**ACTIVITY**: Retype the lines of the listing below exactly, but only those from the one containing "Nike Jordan Spizike" through the last line; pictures stay out.

**DATASET EXTRACT**:

★ ★ ★ ★

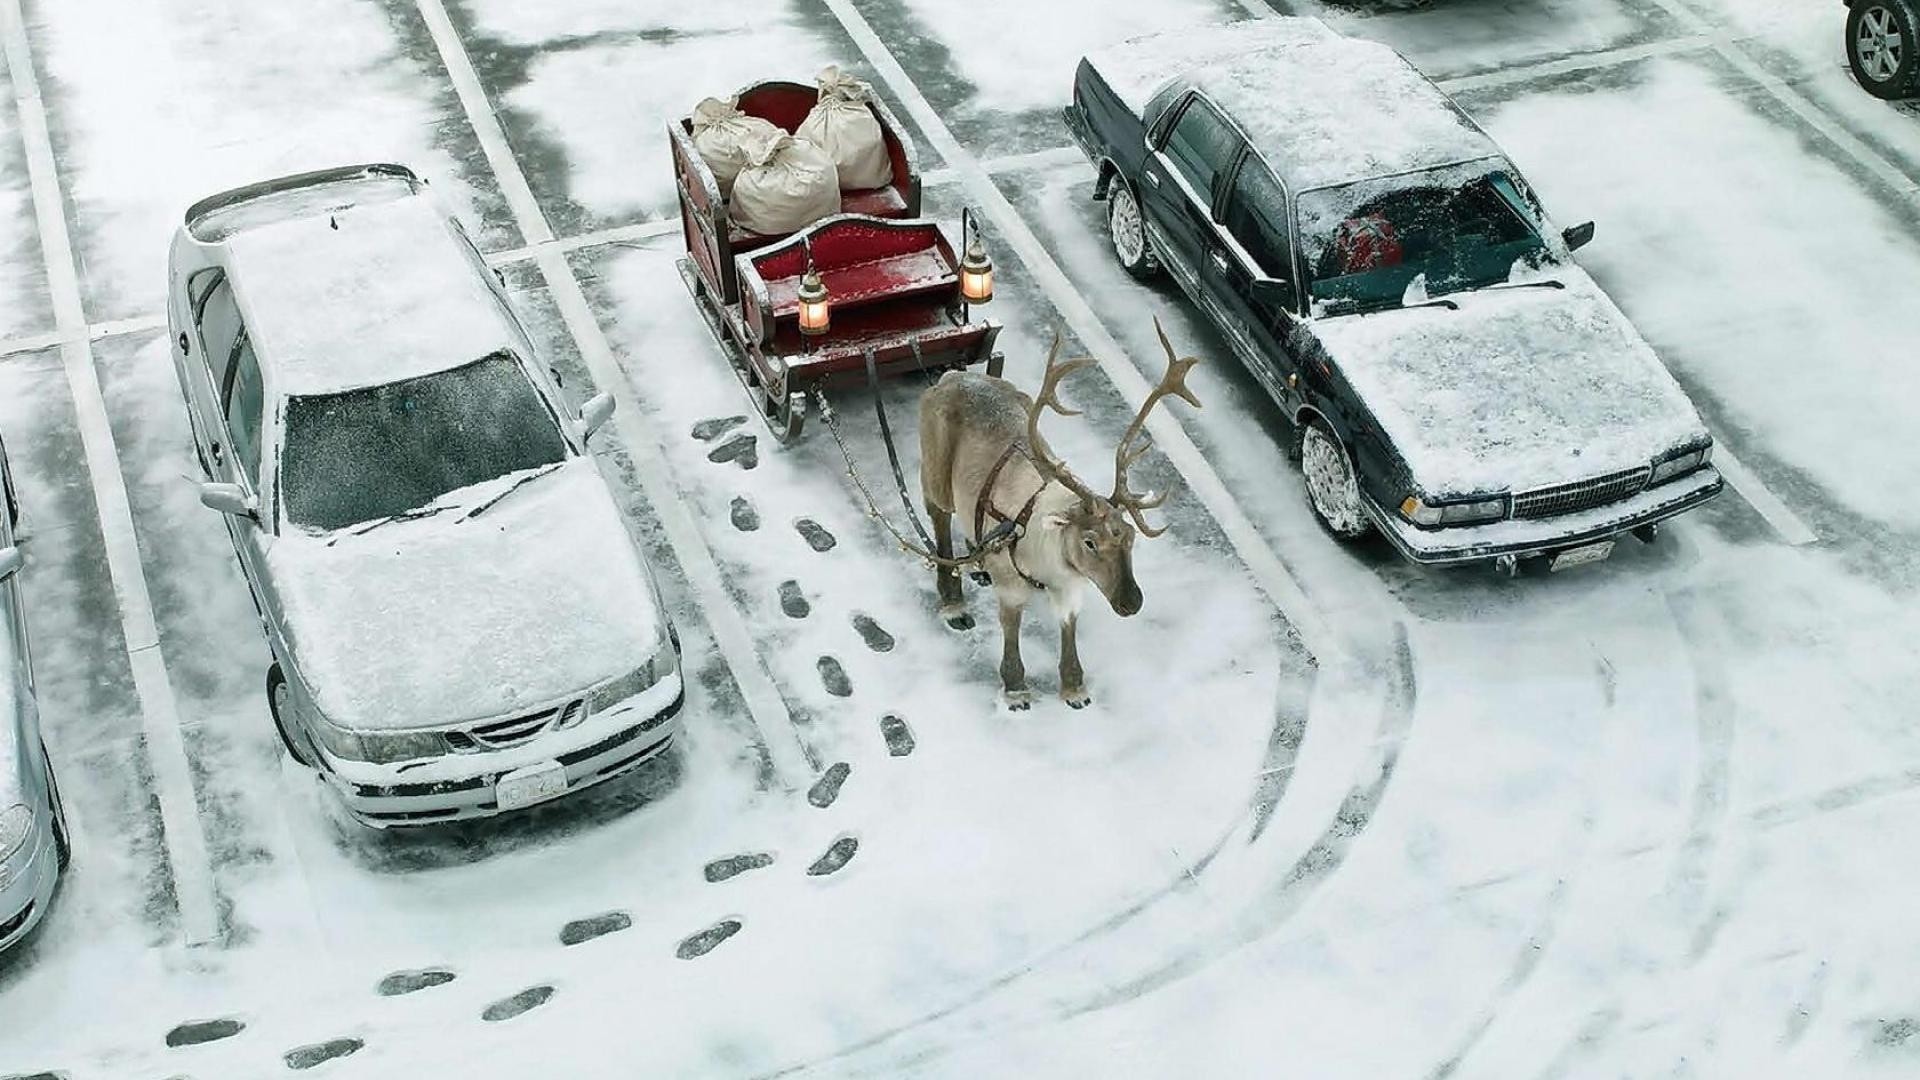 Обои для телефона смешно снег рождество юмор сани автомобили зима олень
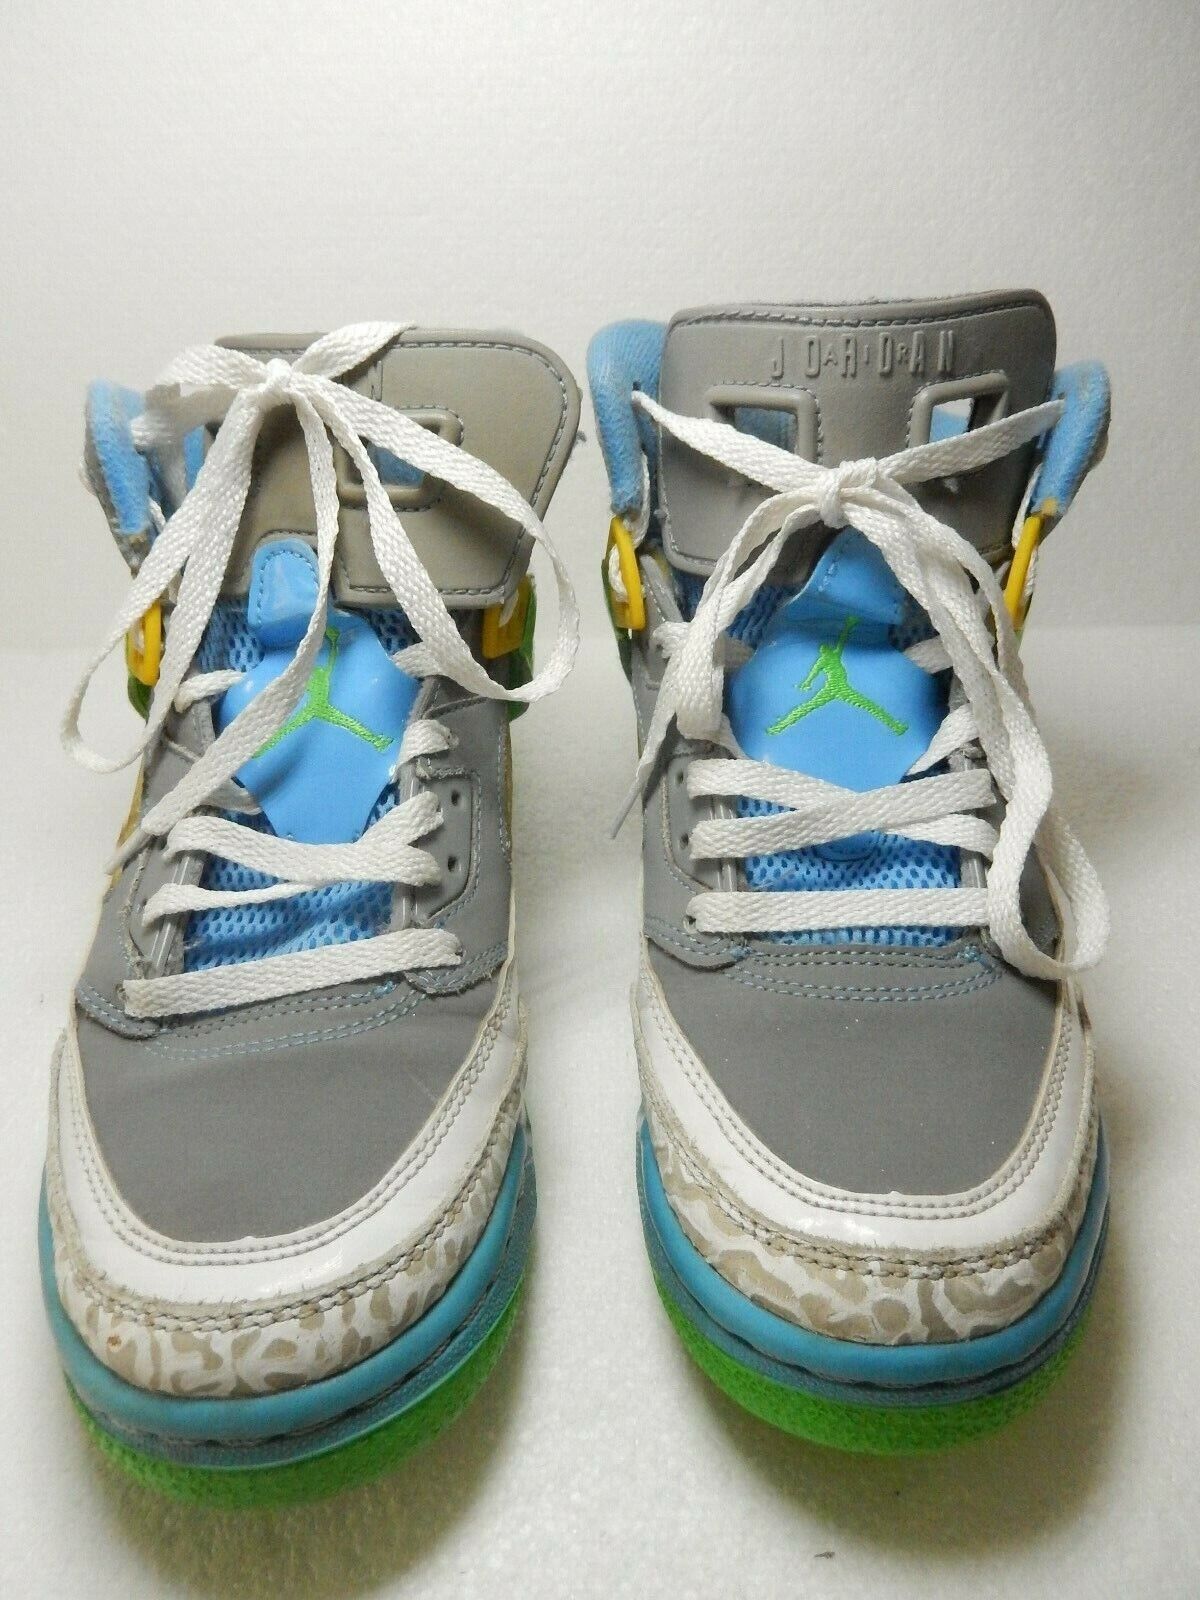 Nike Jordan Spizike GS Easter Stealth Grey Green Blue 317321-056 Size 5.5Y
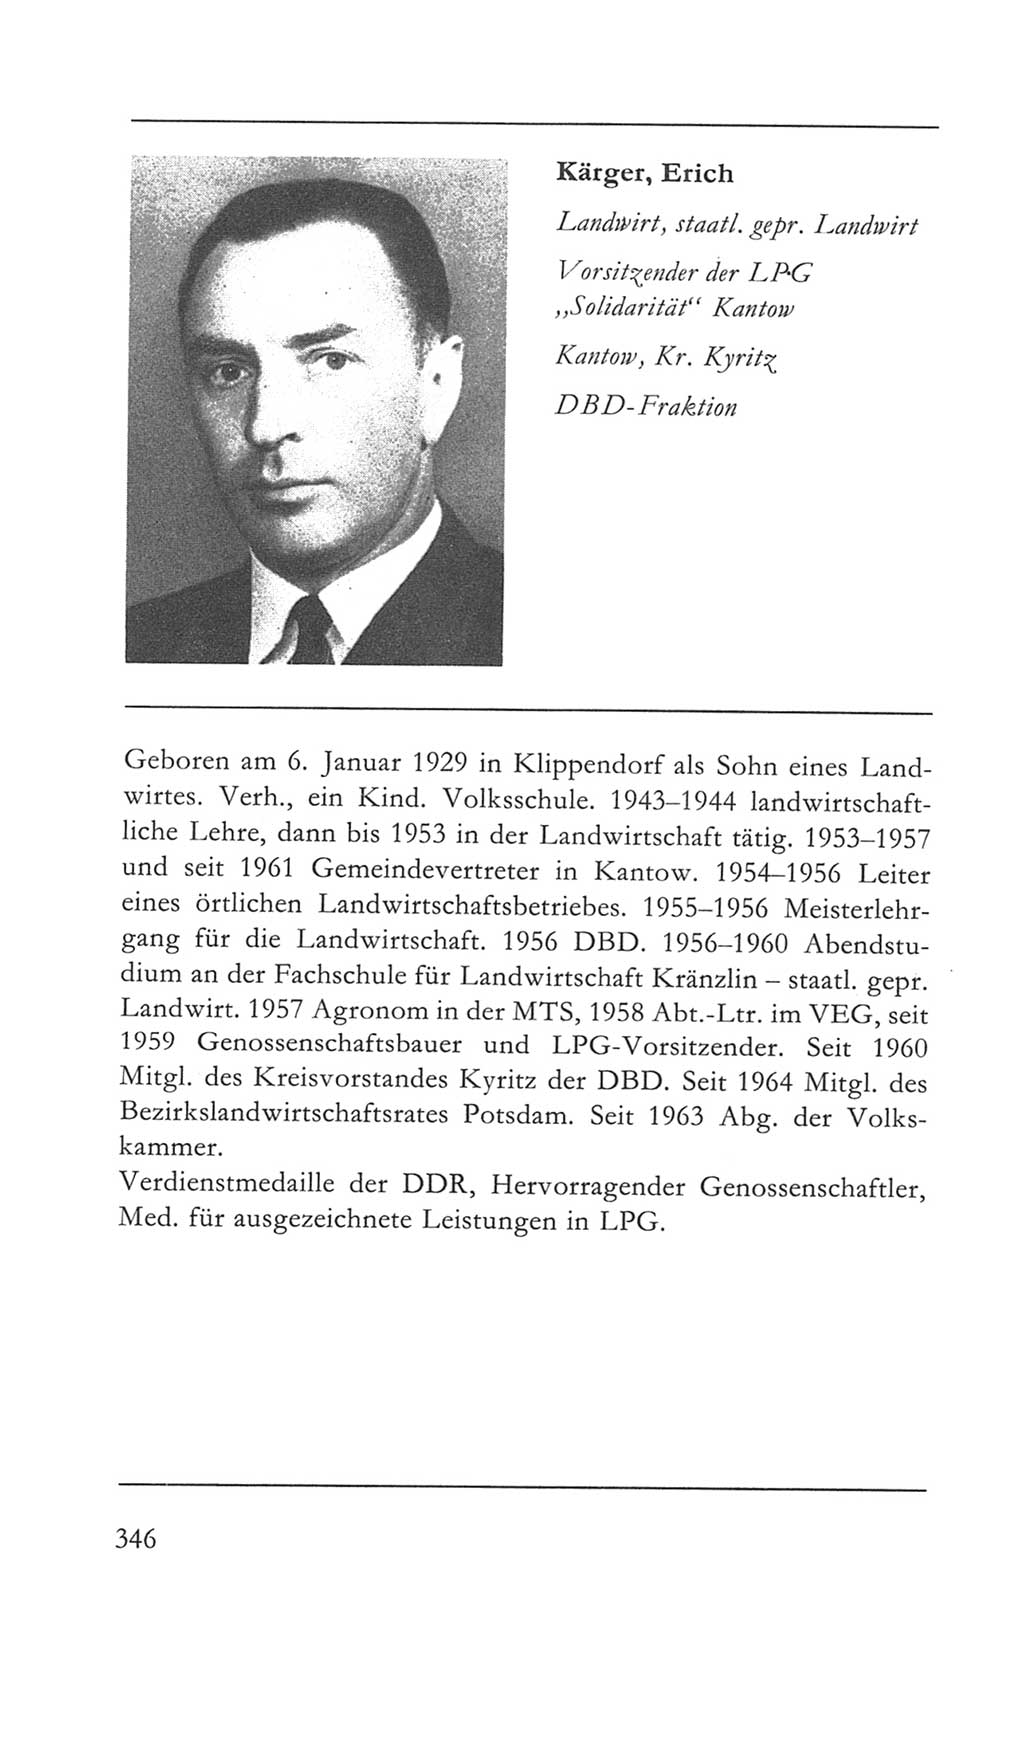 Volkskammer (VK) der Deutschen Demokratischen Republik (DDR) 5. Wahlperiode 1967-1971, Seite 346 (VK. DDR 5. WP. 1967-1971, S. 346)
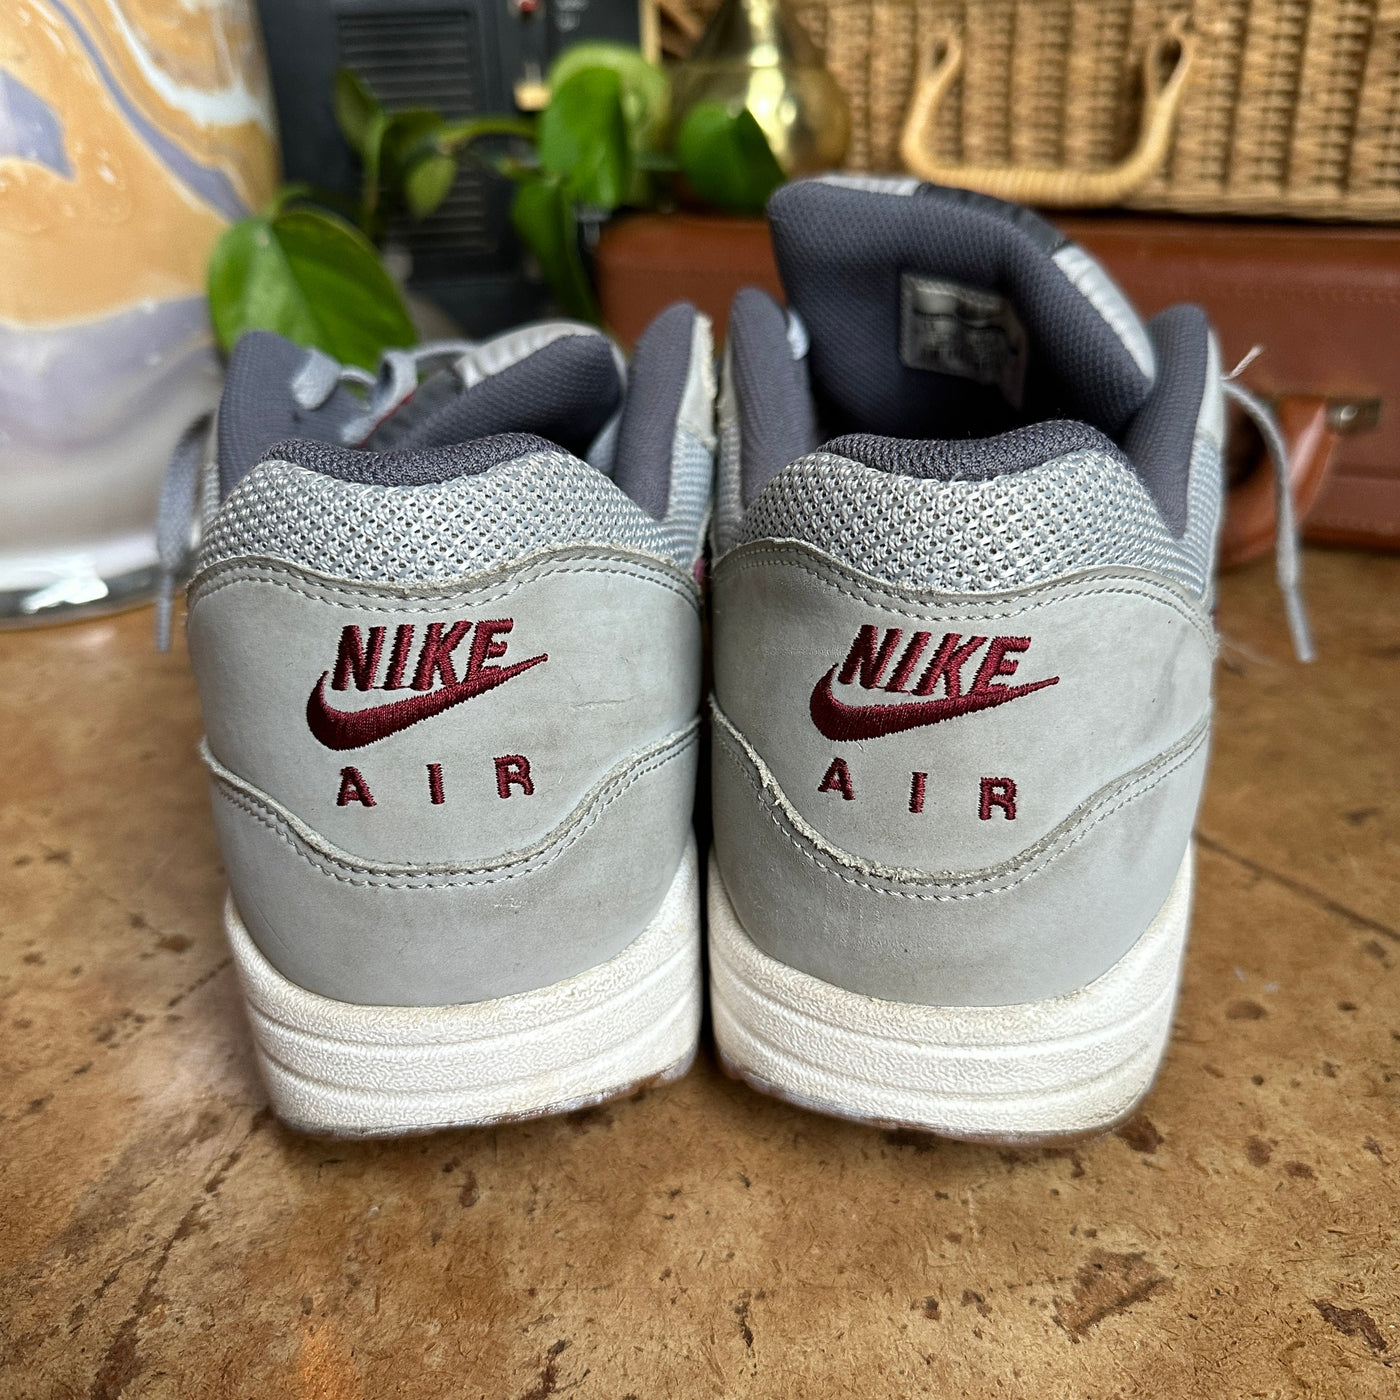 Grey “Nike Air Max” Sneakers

★ ★ ★ ★

**RESULT OF THIS TASK**:
 Nike Jordan Spizike GS Easter Stealth Grey Green Blue 317321-056 Size 5.5Y
 Volkskammer (VK) der Deutschen Demokratischen Republik (DDR) 5. Wahlperiode 1967-1971, Seite 346 (VK. DDR 5. WP. 1967-1971, S. 346)
 Grey “Nike Air Max” Sneakers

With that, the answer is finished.